Cette école manque presque complètement d'originalité; on voit que la poésie italienne a à peine conscience de son existence propre; elle n'est pas sûre d'elle-même et n'ose guère sortir des sentiers battus et rebattus où l'a précédée la poésie provençale. Mais elle ne tarde pas à s'affranchir. Avec Guido Guinicelli et Guido Cavalcanti elle acquiert une individualité bien tranchée; Dante consacre définitivement l'avènement du dolce stil nuovo et trouve ces paroles admirables pour caractériser son génie :

Io mi son un che, quando

Amor mi spira, noto, ed in quel modo
Ch'ei detta dentro, vo significando (3).

A cette époque la littérature provençale est bien morte en Italie; elle a fait place à une littérature vraiment nationale, appelée à son tour à de brillantes et plus longues destinées.

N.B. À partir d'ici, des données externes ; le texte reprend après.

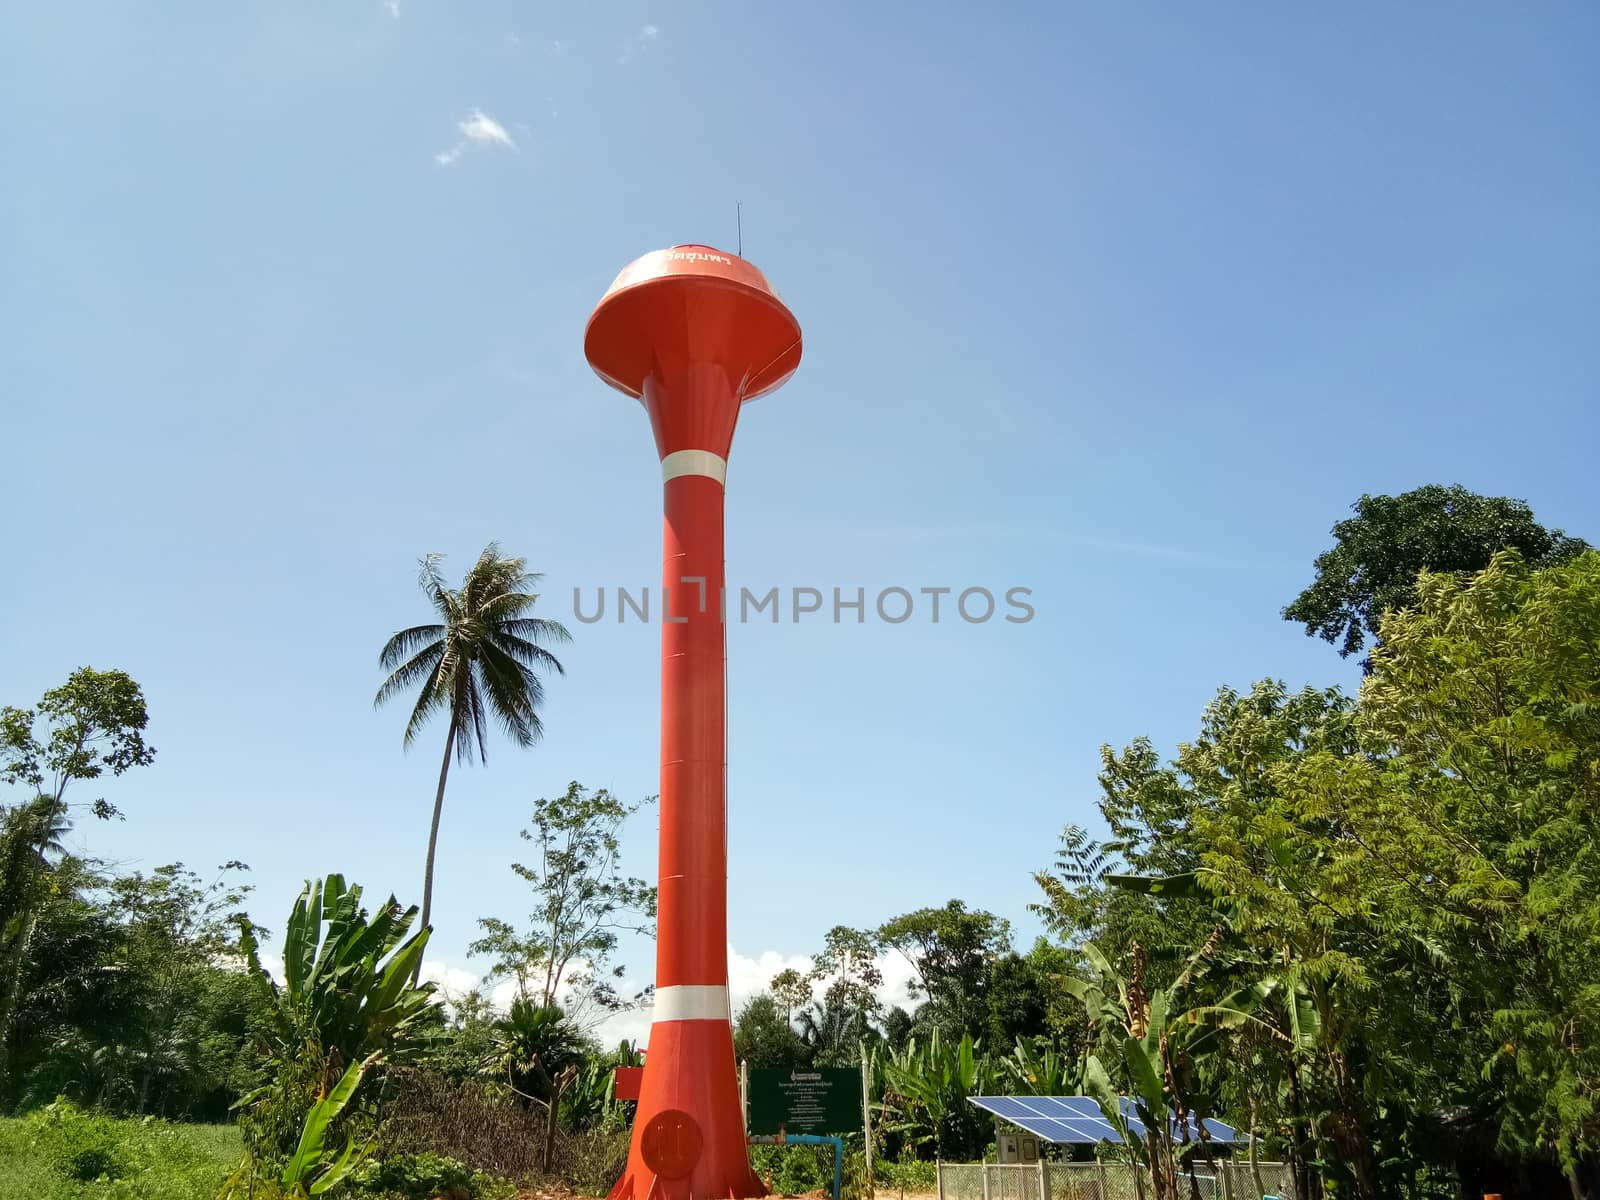 The solar pumping system, Red water tower with blue sky background.

Mais la mort n'est pas l'oubli, et la nouvelle génération poétique ne peut pas oublier les générations qui l'ont précédée et dont elle reste, bon gré mal gré, l'héritière. On continue donc, non plus à imiter servilement, mais à étudier et à relire les troubadours, comme on pourrait le faire pour les auteurs classiques de la littérature latine.

Dante nous fournit le plus illustre exemple que nous puissions invoquer pour caractériser la nouvelle phase par laquelle passe la littérature provençale. Nul plus que lui n'aime la langue italienne, ce volgare illustre, auquel il doit imprimer un sceau ineffaçable, le

(1) De vulgari eloq., I, 12.

(2) Voyez, sur cette école, le travail de M. Adolf Gaspary: Die sicilianische Dichterschule des XIII Jahrhund., Berlin, 1878, petit in-8° de 232 pages. On y trouvera, démontré par de nombreux exemples, le caractère de cette première littérature italienne, déjà bien vu et bien indiqué par Diez et Fauriel.

(3) Purg., XXIV, 52-54; c'est à Urbiciani, un des représentants de la vieille école, que Dante adresse ces paroles.